Sub-daily depths (5 min – 12 h), after the 1.13 adjustment, fall within

\[ 0.76 \le \frac{x_{\text{tool}}}{x_{\text{ECCC}}} \le 1.23, \]

i.e. inside a ±30 % band (pass bar [0.70, 1.30]). The largest underestimate is at the shortest durations / longest return periods (e.g. 10 min, 100‑yr ≈ 0.76), where the regional ratio least represents this specific coastal station. This is consistent with ECCC's own caution for 1108446: "95 % Confidence Interval > ±25 %." These figures validate that the ratio path is physically reasonable, not that it is exact — by design.

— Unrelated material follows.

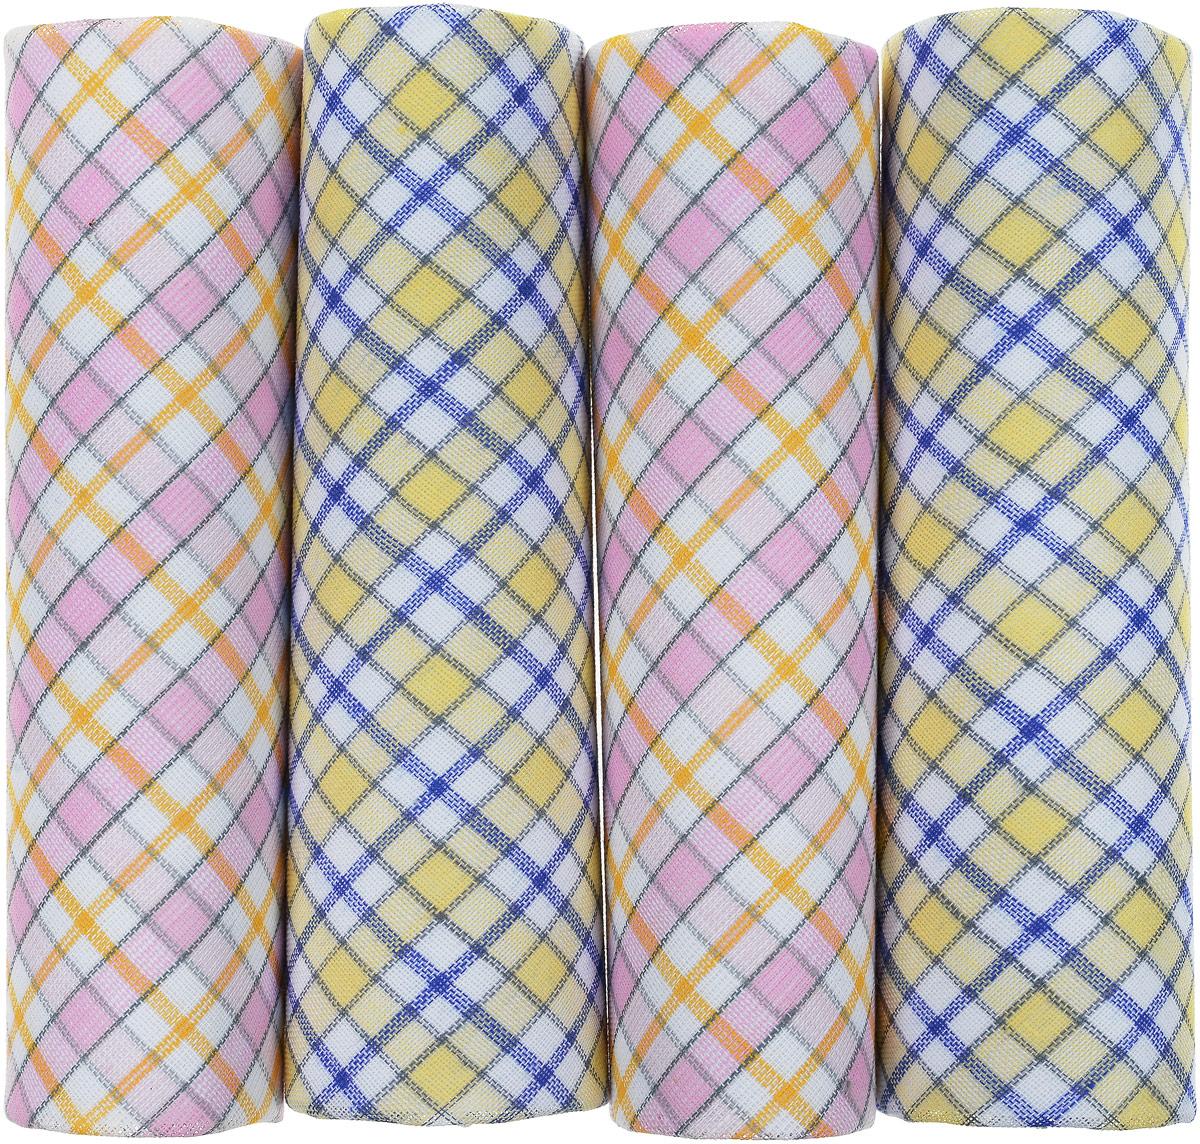 Носовой платок женский Zlata Korunka, цвет: желтый, синий, розовый. Размер 28 х 28 см, 4 шт71420_желтый, голубой, розовыйЖенский носовой платок Zlata Korunka изготовлен из высококачественного натурального хлопка, благодаря чему приятен в использовании, хорошо стирается, не садится и отлично впитывает влагу. Практичный и изящный носовой платок будет незаменим в повседневной жизни любого современного человека. Такой платок послужит стильным аксессуаром и подчеркнет ваше превосходное чувство вкуса. В комплекте 4 платка.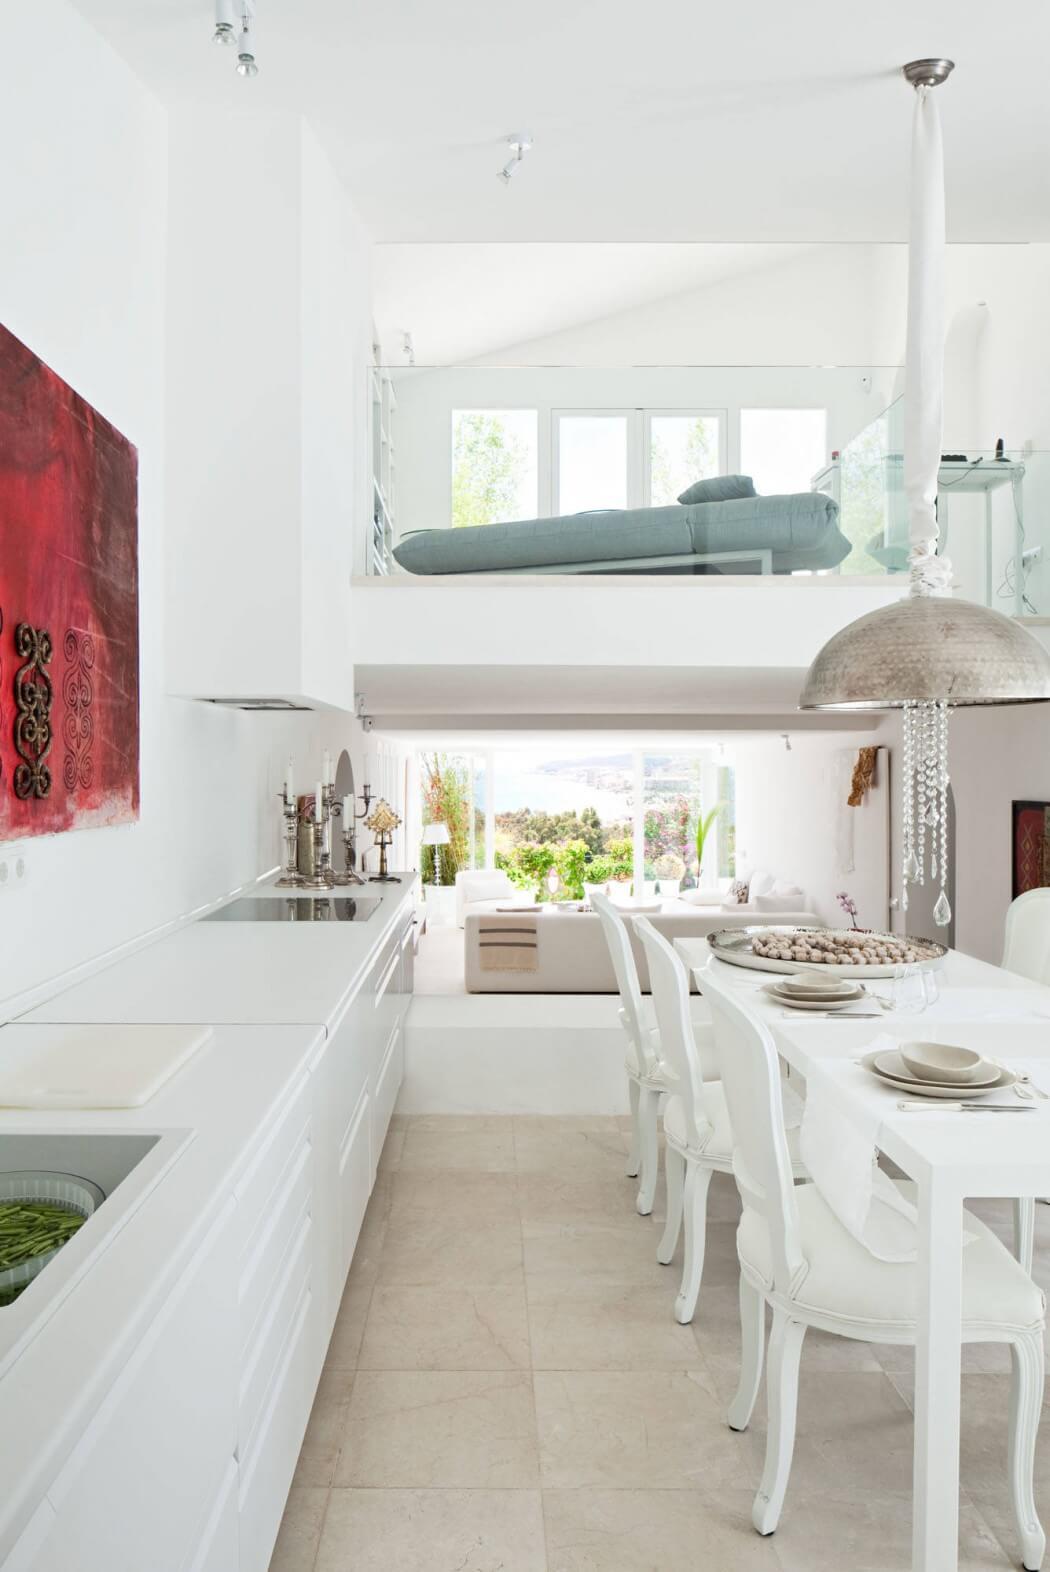 6 11 - Villa Mandarina: Paraíso blanco en Casares (Costa del Sol) lleno de encanto, luz y mar

5. How to use this for drift detection¶

Run the suite: pytest tests/test_validation_eccc_idf.py -v (offline, deterministic, part of the release gate).
If it fails, compare the reported numbers to §3/§4 here:
A Layer‑1 regression means the fitting/return-level core changed — treat as serious; the math should match ECCC to rounding.
A Layer‑2 24 h regression means the extraction/screening/curve path changed materially.
A Layer‑2 sub-daily regression means the ecozone ratio derivation changed.
If the change is intentional, update both the tolerances/expectations in the test and the baseline tables here, in the same commit, with a note on why.

6. Provenance & reproducibility¶

The ground-truth file is ECCC's published text product, committed verbatim (tests/data/eccc_idf_1108446_vancouver_harbour.txt); the test parses Table 1 (AMS) and Table 2a (depths) directly from it — the numbers are never hand-transcribed into code.
The daily record was fetched once through the app's own ECCC downloader (download_station_data, climate-daily collection) and committed as a CSV so the test runs offline and identically on every machine.
Both fitting paths call the shipped analysis code (idf_analyzer.analysis.frequency.fit_distribution and idf_analyzer.analysis.idf.compute_idf_table) — the same code the GUI uses — so this validates the product, not a parallel reimplementation.